Ровно так же действовали ( и сегодня действуют) идейные наследники этой дамы. Ничего нового! Поразительно лишь одно: об этом было рассказано пятьдесят лет назад – и оно продолжает действовать. Очевидно, что автора, который рассказал обо всём об этом полвека назад можно только злобно осмеивать. Общее злобное осмеяние с дальнейшем замалчиванием, повторюсь, – это вернейший признак того, что сказана ПРАВДА. Правда – это самая раздражающая, оскорбительная и невыносимая вещь на свете: хуже всякой злобной клеветы и хулы.
Продолжая тему методик воздействия, нельзя пройти мимо КАРТИНОК. Важный боеприпас - отталкивающие фото советских людей: ну, всякие там похмельные работяги, беззубые старухи, чумазые ребятишки - вот они, строители коммунизма как есть. Фотография инстинктивно ощущается как правда: иди и смотри. На самом деле, фотография – это очень лукавая вещь: красавица иногда выглядит неважно, даже вовсе не похоже на себя, а дурнушку хороший фотограф способен превратить в красавицу. Это каждый знает, и каждый же попадается в ловушку фотографии.
Очевидно, что в каждом городе есть свои задворки, в каждом доме – свой захламлённый чулан. Все это знают, но «фотки» - действуют. И сегодня любят выкладывать для компрометации советской жизни подобные фотографии – эдакий антисоветизм вдогонку.
Сегодня манипуляции сознанием с помощью изображений – гораздо эффективнее и сподручнее. Сегодня технически возможно редактировать и видеоизображение, создавать совершенно ложную реальность.
Но и полвека назад – изображения работали. Ещё как работали…
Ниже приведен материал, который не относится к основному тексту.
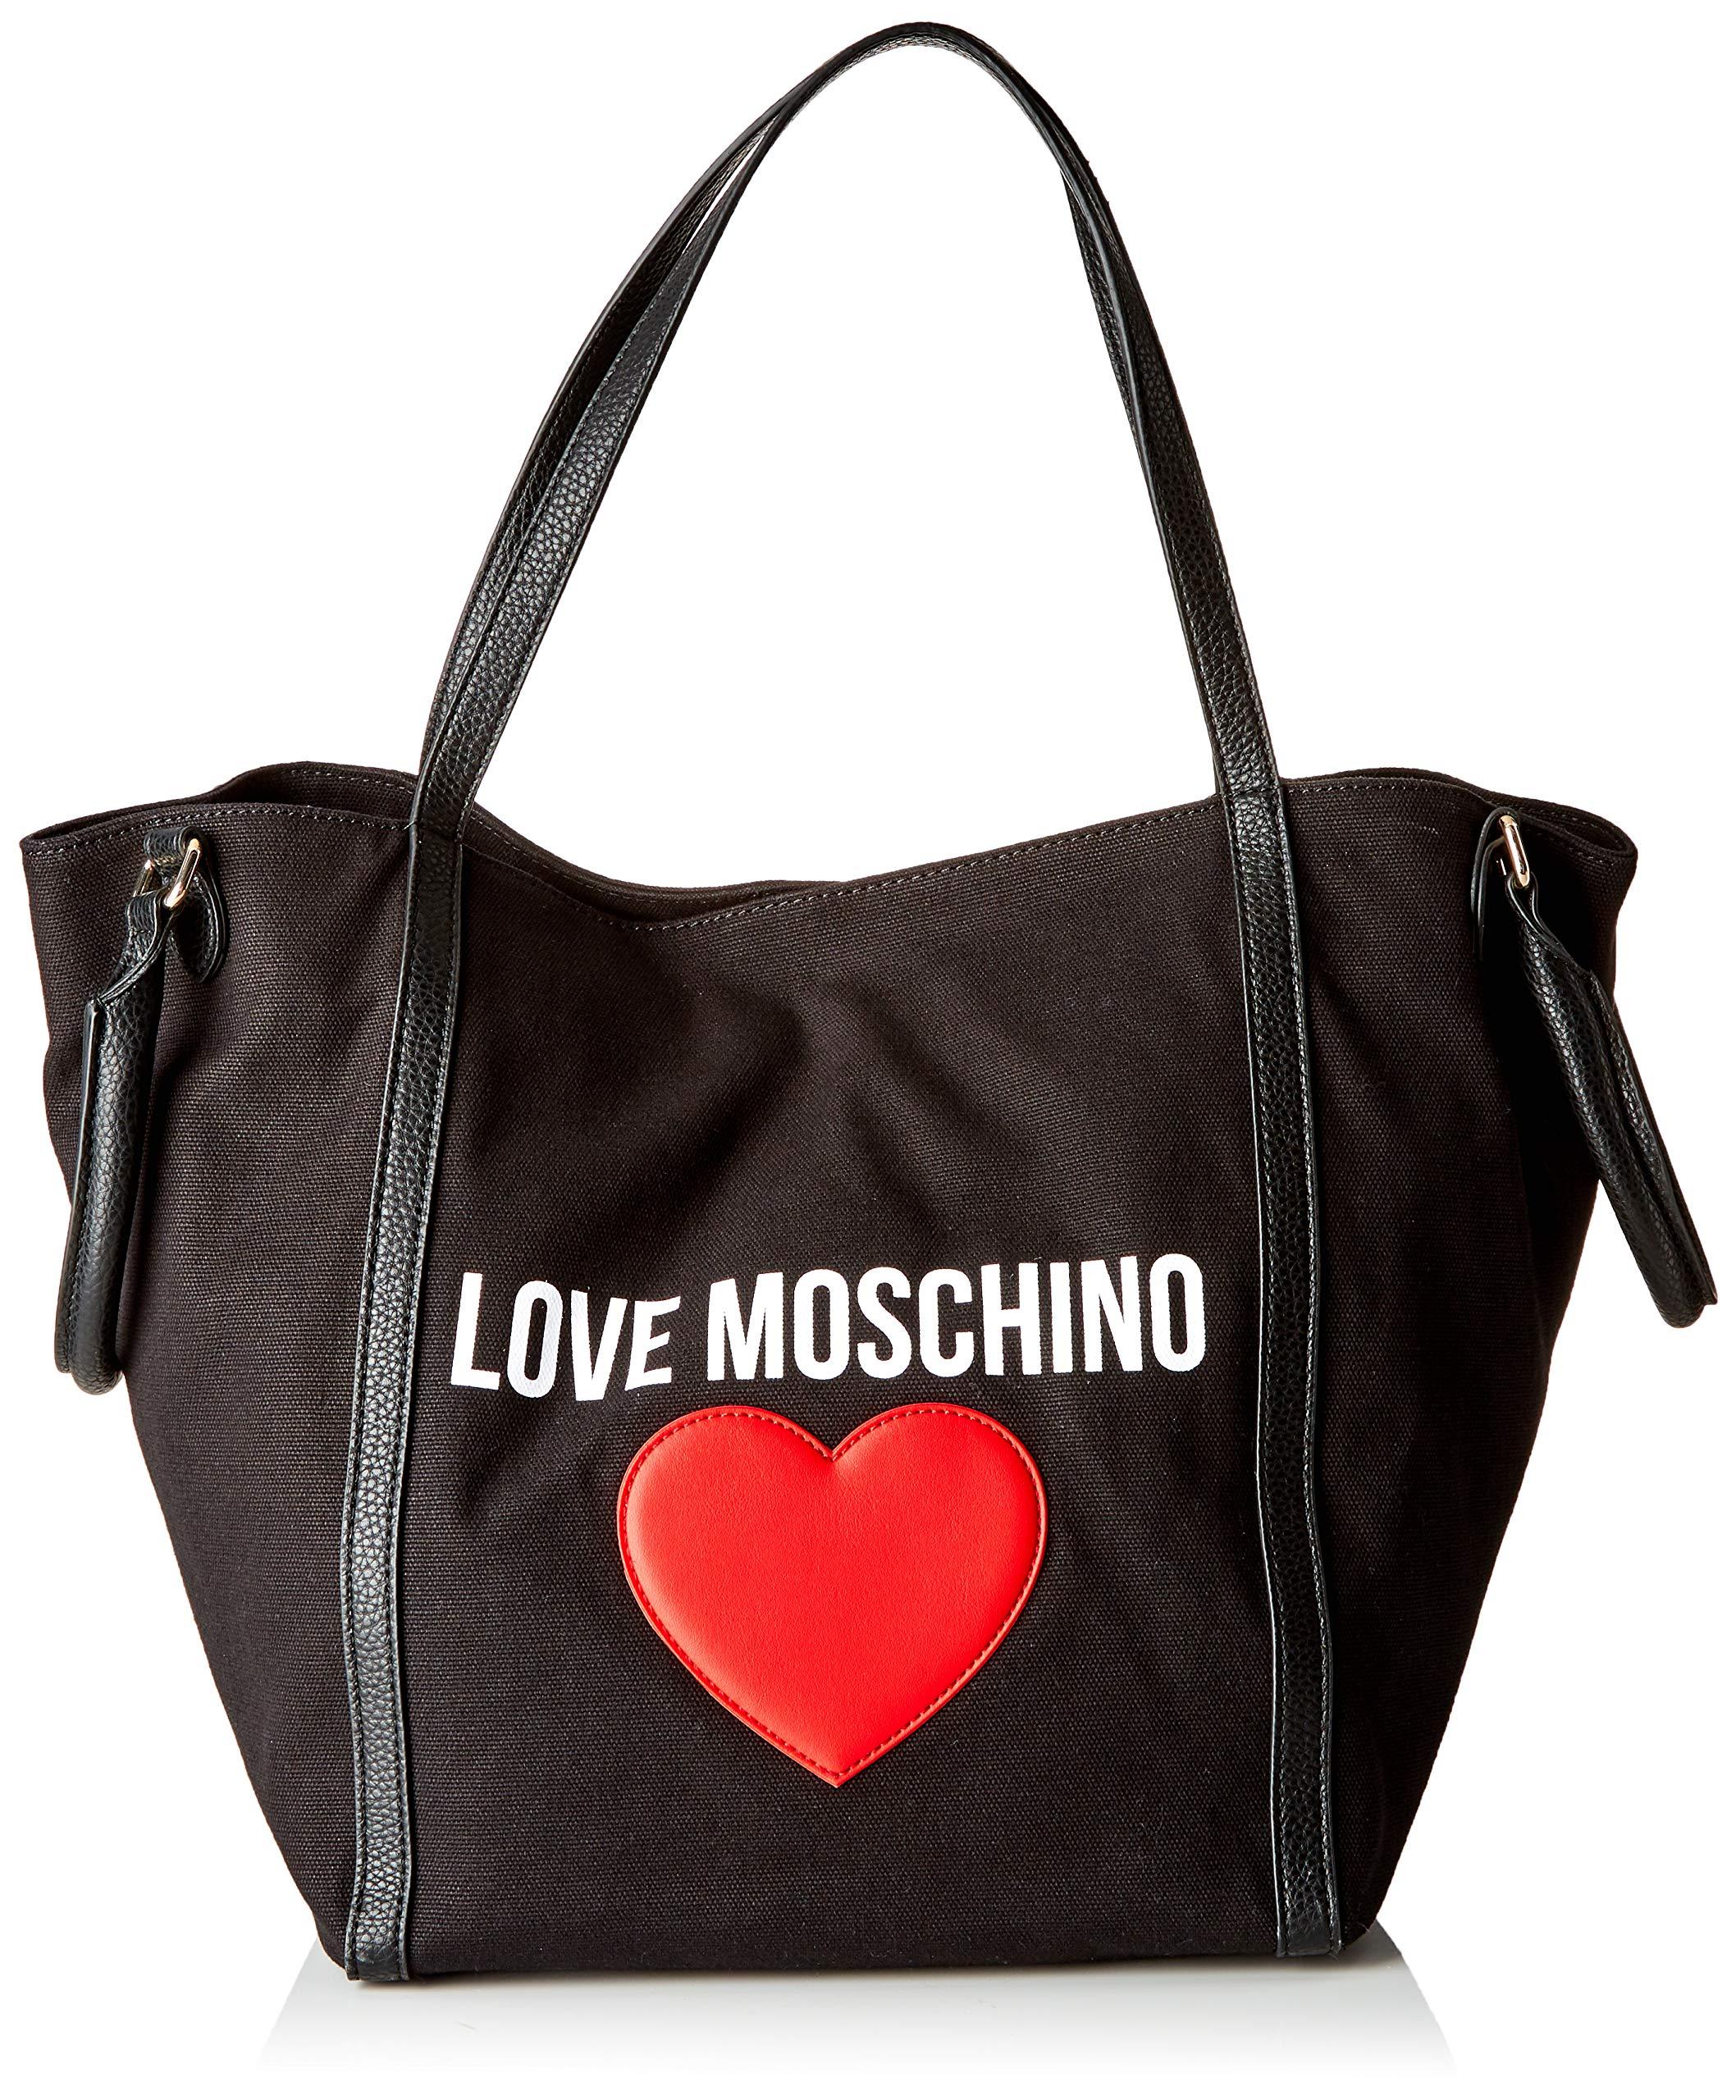 Love Moschino X E Canvas Cmw Pebble PuSac Main FemmeNoirnero20x32x46 L Porté Borsa H bgf6v7IYy

Встреченный в Ленинграде прохожий говорит Сабурову-Карадоне:
«Я, знаете, даже письмо писал в наши руководящие организации, предлагал выпустить специальный фотоальбом, в котором были бы собраны все наши недостатки. Наснимали бы пьяных на улицах, всяких очередей, луж на новостройках, помоек, трущобных домов… Все бы подобное.
– Зачем? – удивленно спросил Сабуров.
– А затем, чтобы, когда иностранный турист приезжает, ему бы сразу в гостинице и вручали со словами: «Сэр или леди, не извольте утруждать себя и зря не изводить вашу высокоценную заграничную фотопленку. Вот вам все, обычно и непременно вас интересующее и привлекающее».
Словом, автор показывает: наступление «мирового империализма» идёт по всему фронту. Война идёт жёсткая, на уничтожение. А кто на нашей стороне?
Быть может, у нас есть друзья и союзники в странах капитала, как тогда выражались? Автор отвечает и на этот вопрос, изображая итальянского еврокоммуниста Бенито Спада. Он зачем-то учился в МГУ, обзавёлся русской женой, что в высшей степени свойственно итальянцам.
Итальянская компартия была самая сильная и влиятельная на Западе; в 70-е годы каждый третий избиратель голосовал за компартию. Идеологией ИКП был так называемый «еврокоммунизм», но на самом деле они очень мало интересовались идеологией, даже высшие функционеры. Итальянские коммунисты широко пользовались поддержкой из Москвы, которая составляла, как я прочитала уже в наши дни в итальянском источнике, ¼ партийного бюджета, при этом были прочно интегрированы в буржуазную действительность. Именно таким рисует еврокоммуниста автор:
«Синьор Спада из тех марксистов, которые считают, что им почему-то полезно называться марксистами,– не знаю, почему,– но в идеале своем иметь парламентский строй. Они мечтают быть избранными в парламент, пользоваться депутатскими правами, выступать с оппозиционными, но, в общем-то, очень умеренными речами и, занимая приличные, доходные должности, постепенно сколачивать капиталец».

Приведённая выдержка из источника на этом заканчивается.